Building on its work through Giga to connect every school to the internet, ITU recognizes that digital education requires more than connectivity - it requires strong and secure digital foundations. As the UN specialized agency for digital technologies, ITU supports countries in strengthening capacity and advancing interoperable and secure building blocks for the digital transformation of education, ensuring their integration into national systems.

"Learning is increasingly happening online, and our public education systems need to keep pace," said ITU Secretary-General Doreen Bogdan-Martin. "That means building digital foundations that are safe, interoperable, and designed to protect learners. ITU is ready to support countries in transforming the principles of this Charter into inclusive, secure and trusted digital education platforms that leave no learner behind."

Beyond digital as usual

The Charter opens with a striking diagnosis: in far too many countries, public education effectively stops where digital platforms begin. While some countries build and sustain polished, well-resourced educational platforms – and teachers often receive the training, support and resources they need to adapt these platforms into the classroom – hundreds of millions of learners live in communities that are not served by any public digital learning platforms or are confronted with platforms that are poorly maintained, unreliable, unsafe, and difficult to navigate and use.

Fortunately, a growing number of governments are recognizing that in today’s digital and AI age, the public purposes of education should be supported in digital environments in ways that empower teachers and improve learning for all children. The private sector also plays a critical role in providing technology that can improve the quality, reach and impact of education.

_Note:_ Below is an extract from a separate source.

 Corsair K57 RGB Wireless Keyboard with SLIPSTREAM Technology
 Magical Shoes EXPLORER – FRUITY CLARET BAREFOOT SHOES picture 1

While at the same time, countries need strong safeguards to protect children and ensure that digital learning tools are safe, reliable and work effectively within public education systems that reach all learners.

Seven principles for the digital schools of the future

The Charter – refined with inputs from member countries of the UNESCO-UNICEF Gateways to Public Digital Learning Initiative and international experts – sets out seven broad principles that all public digital learning platforms should strive to reflect:

  1. Public – Platforms should be governed, financed and controlled by public authorities, with data sovereignty firmly in national hands.
  2. Inclusive – Platforms must widen opportunities for all, with multilingual support, accessibility for learners with disabilities and designs that work on low-cost devices with limited connectivity.
  3. Pedagogical – Platforms should be teacher-led, pedagogically diverse and balance guided learning with independent exploration.
  4. Complementary – Platforms should reinforce, not replace, in-person schools and teachers, and be embedded within national education policy frameworks and digital infrastructure.
  5. Open – Platforms should be built on open standards, licensed for reuse and designed for interoperability across education systems and with wider digital public infrastructure.
  6. Focused – Development should start small, be guided by educational needs rather than technological novelty, and build iteratively based on evidence.
  7. Trustworthy – Platforms must be accurate, reliable, age-appropriate and responsible stewards of sensitive learner data – with AI tools governed transparently and kept tightly focused on educational purposes.